We use Python with pandas, scikit-learn, and matplotlib. If you haven't installed these packages yet, do so using pip:

pip install pandas scikit-learn matplotlib

This script also includes simulated sample data.

import pandas as pd
import numpy as np
from sklearn.preprocessing import StandardScaler
from sklearn.cluster import KMeans
import matplotlib.pyplot as plt
import seaborn as sns

# Sample data: simulated general ledger transactions
np.random.seed(42)
data = pd.DataFrame({
    'amount': np.concatenate([
        np.random.normal(500, 100, 100),
        np.random.normal(1000, 100, 100),
        np.random.normal(3000, 300, 100),
        np.random.normal(5000, 300, 100),
        [25000, 30000, 35000]  # outliers
    ]),
    'hour_of_day': np.concatenate([
        np.random.normal(9, 1.5, 100),
        np.random.normal(11, 1.5, 100),
        np.random.normal(13, 1.5, 100),
        np.random.normal(15, 1.0, 100),
        [3, 2, 4]  # outliers
    ])
})

# Normalize the data
scaler = StandardScaler()
data_scaled = scaler.fit_transform(data)

# K-means clustering with 2 clusters (example).
kmeans = KMeans(n_clusters=2, random_state=60)
data['cluster'] = kmeans.fit_predict(data_scaled)

# Calculate distance to cluster center
data['distance_to_center'] = np.linalg.norm(data_scaled - kmeans.cluster_centers_[data['cluster']], axis=1)

# Outliers: top 5% based on distance
threshold = data['distance_to_center'].quantile(0.95)
outliers = data[data['distance_to_center'] > threshold]

# Plot
plt.figure(figsize=(10, 6))
sns.scatterplot(data=data, x='amount', y='hour_of_day', hue='cluster', palette='Set2', s=60)
sns.scatterplot(data=outliers, x='amount', y='hour_of_day', color='red', label='Outliers', s=80, marker='X')
plt.title('K-means clustering of general ledger transactions')
plt.legend()
plt.show()

Interpretation:

The colors represent clusters.
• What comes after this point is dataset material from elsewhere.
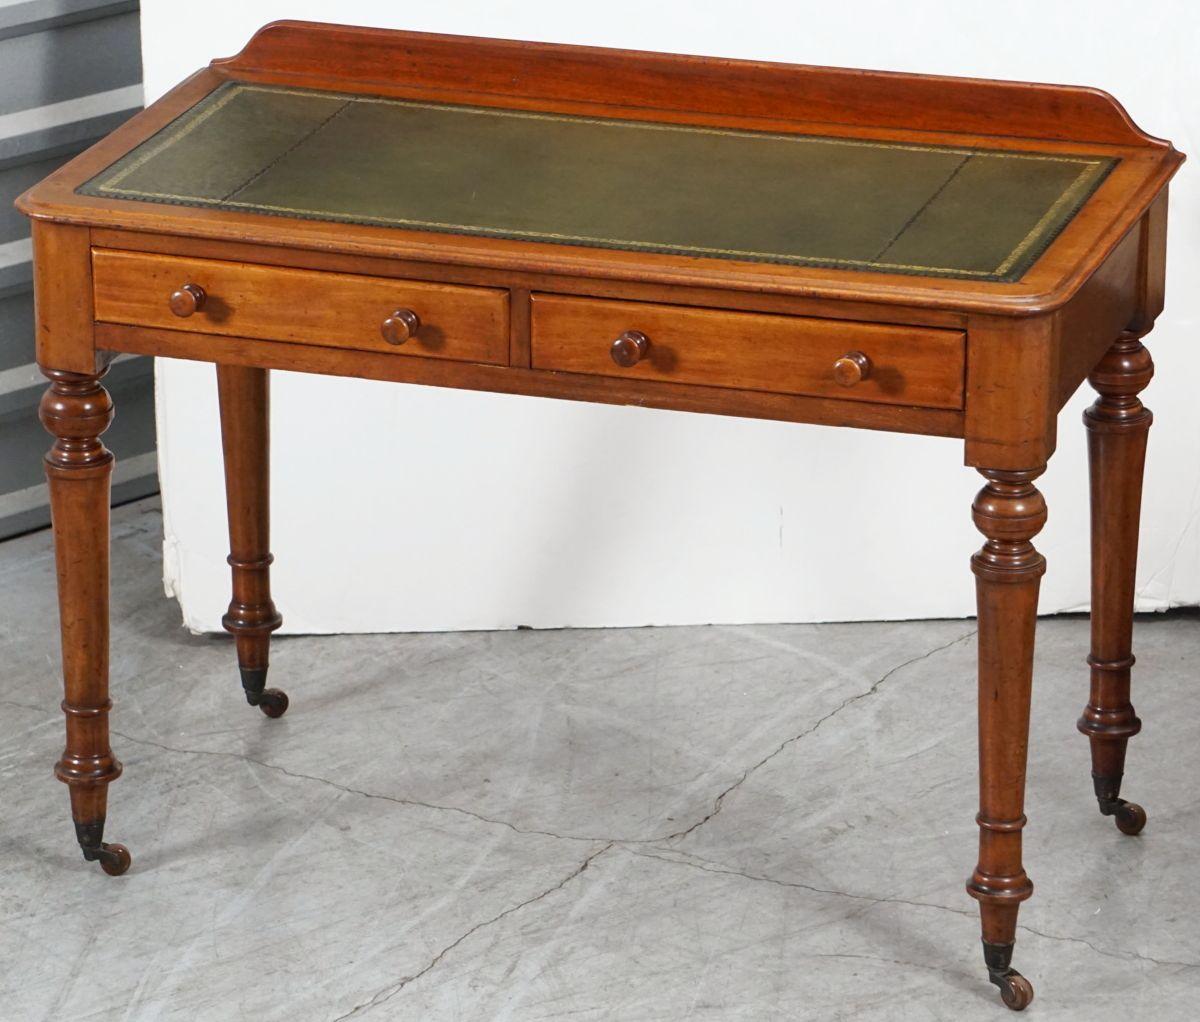 A handsome English writing table or desk of mahogany from the 19th century, featuring a leather top embossed with gilt edge, with shaped gallery back, over a frieze of two fitted drawers - each with two turned knob pulls, and resting on turned legs

Similar transactions are grouped together.
The red Xs indicate transactions far from their cluster centers — potential outliers.
These outliers could be subject to further audit inspection.

When is K-means less suitable?

While K-means is a useful technique, there are situations where it performs poorly. K-means assumes clusters are roughly equal in size and that all variables contribute equally to distance calculations. If real clusters vary greatly in size or shape, or if there's significant noise in the data, K-means may group data incorrectly. It's also less suitable for categorical variables or non-linear structures. So prepare your dataset carefully if you plan to use it.

Hopefully, this article has given you a solid introduction to how K-means can be used in auditing. While we focused on outliers, you might also explore customer segmentation or other groupings based on data.